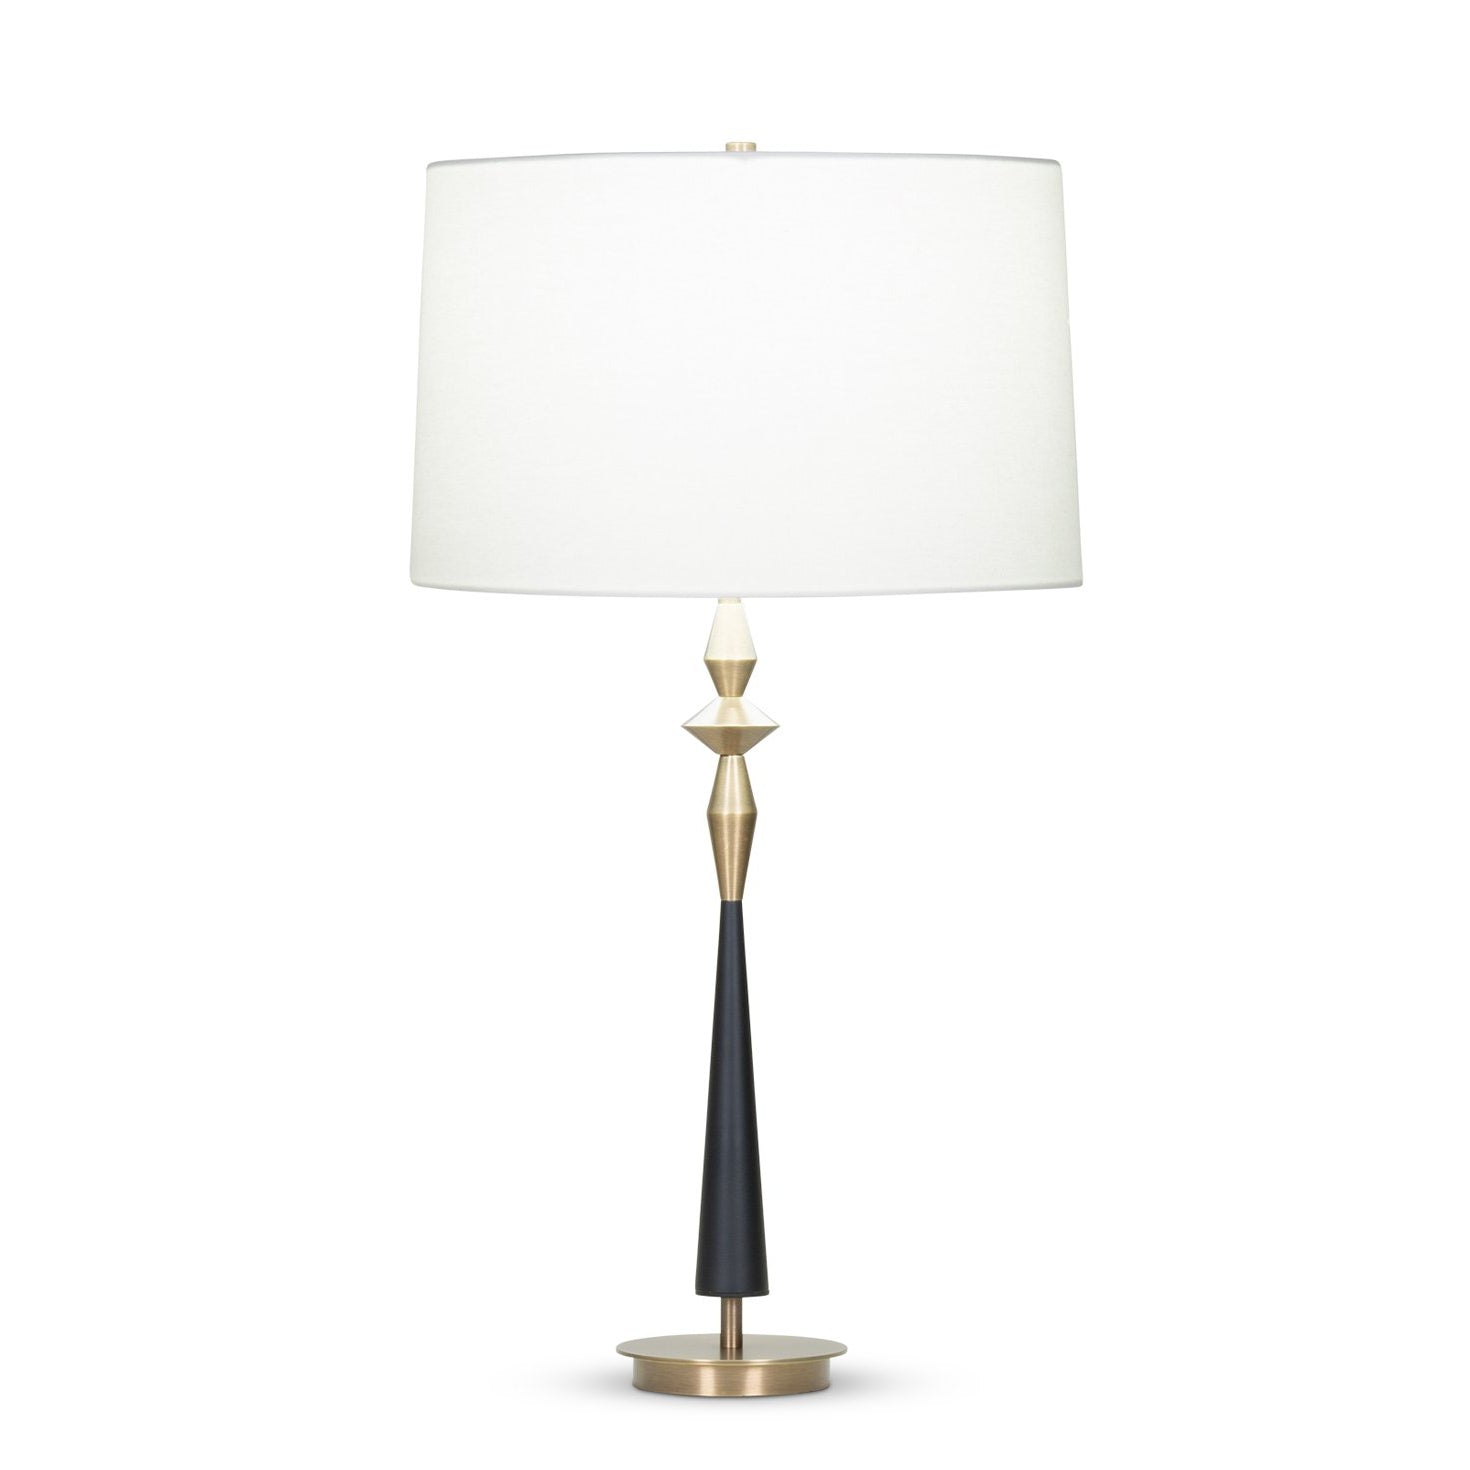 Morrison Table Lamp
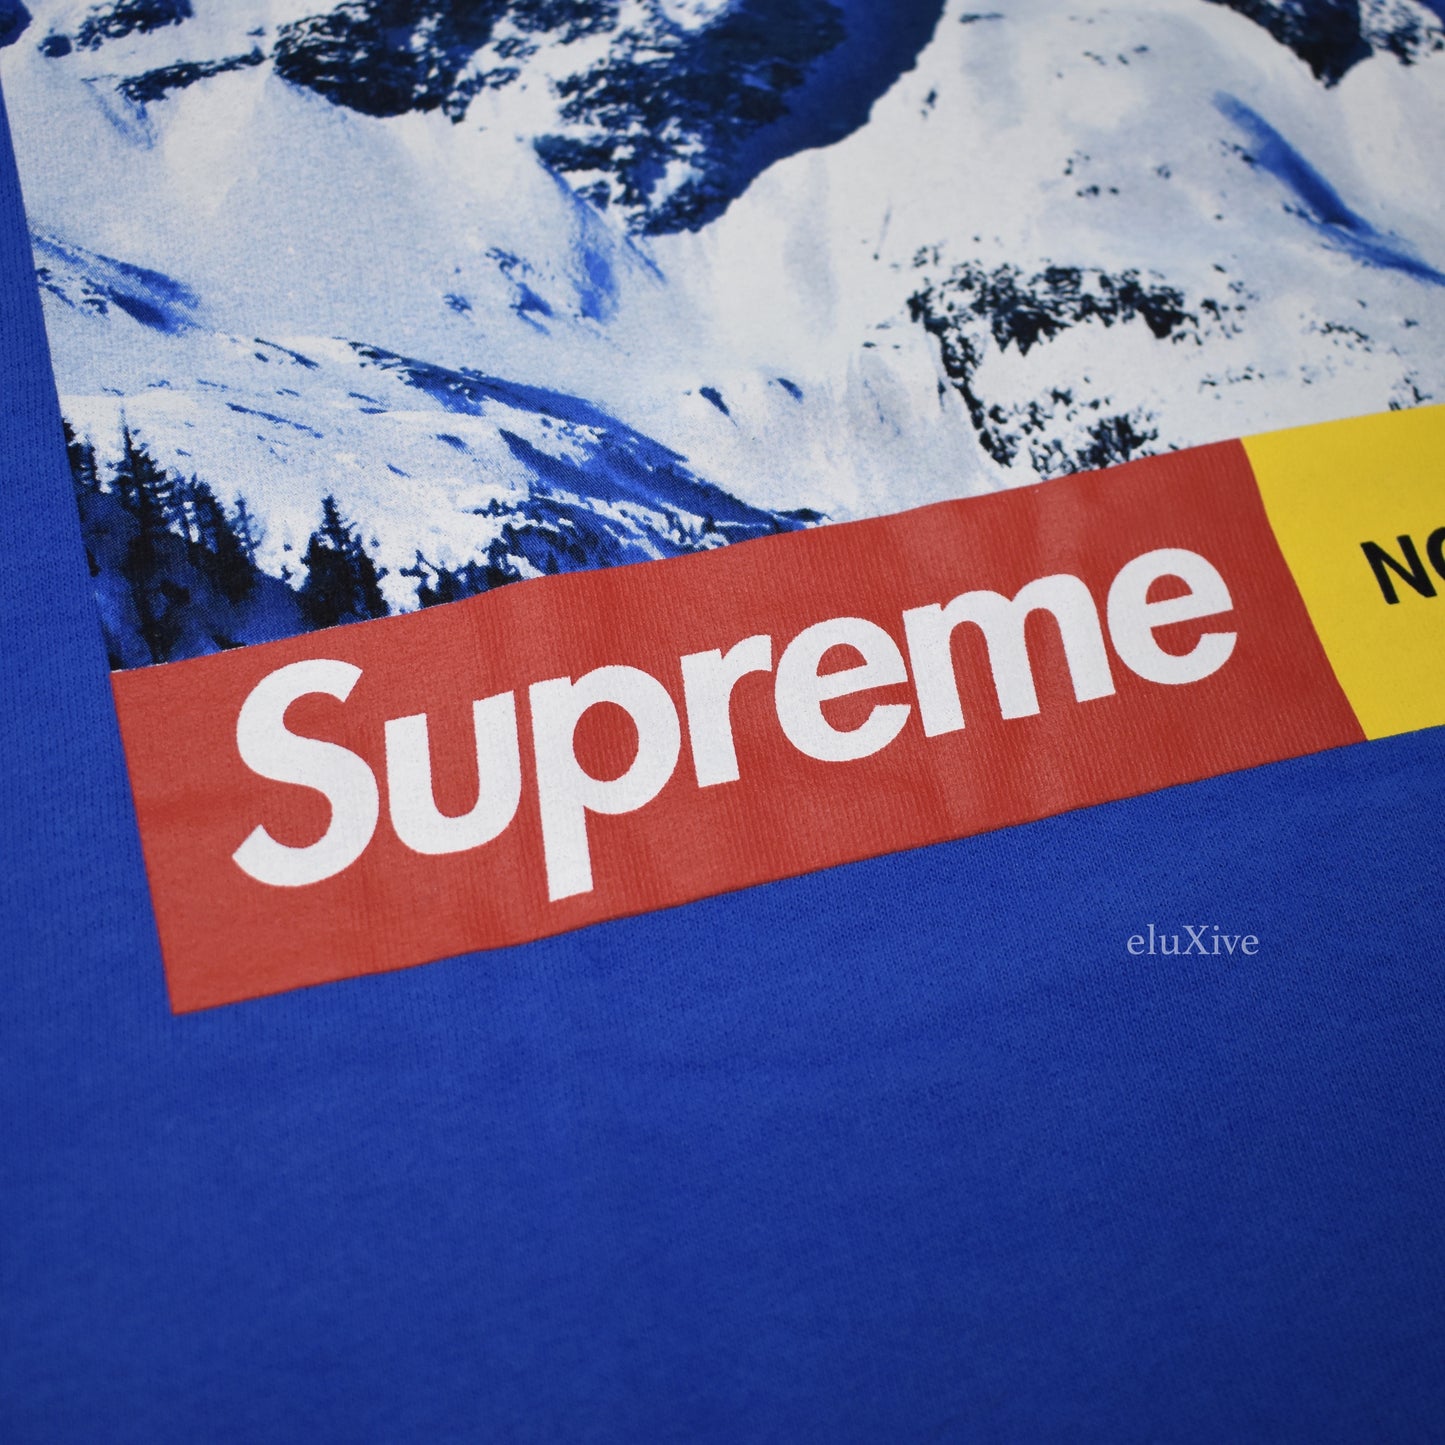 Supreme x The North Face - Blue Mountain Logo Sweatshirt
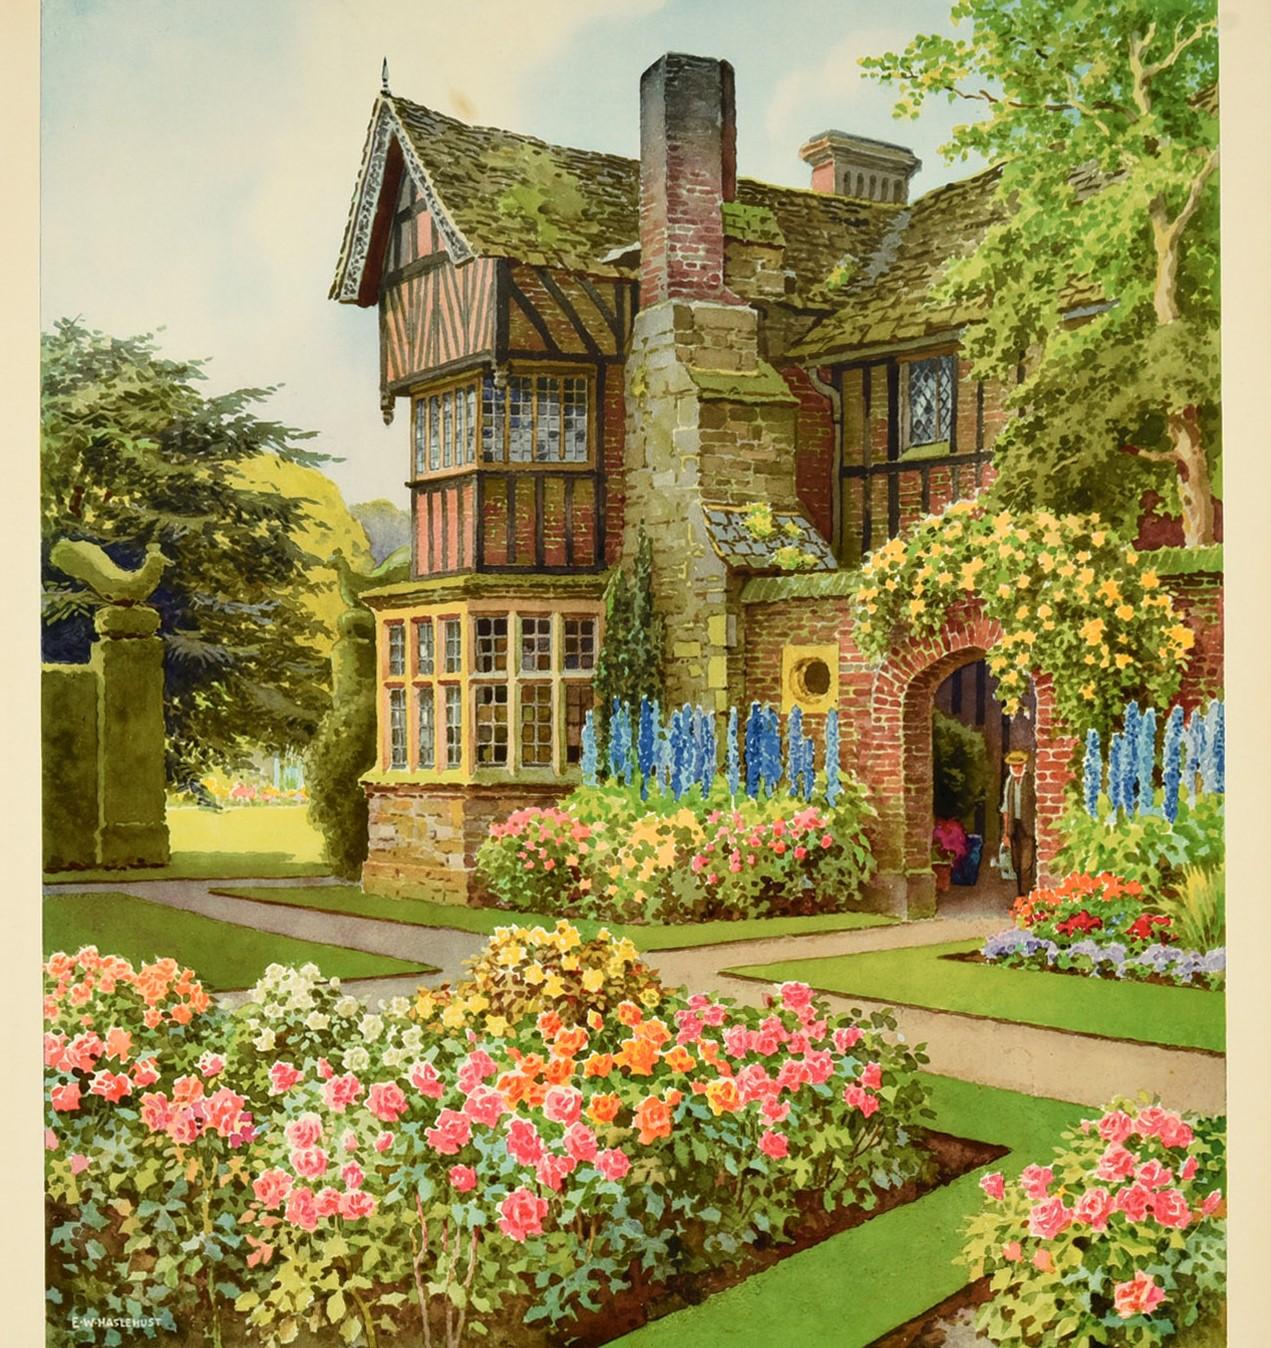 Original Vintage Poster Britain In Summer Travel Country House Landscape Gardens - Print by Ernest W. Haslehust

-- Your task --
Could the lines above be copied out exactly, with no image carried over?

-- Task solution --
 Morrison Table Lamp
 Supreme x The North Face - Blue Mountain Logo Sweatshirt
 Original Vintage Poster Britain In Summer Travel Country House Landscape Gardens - Print by Ernest W. Haslehust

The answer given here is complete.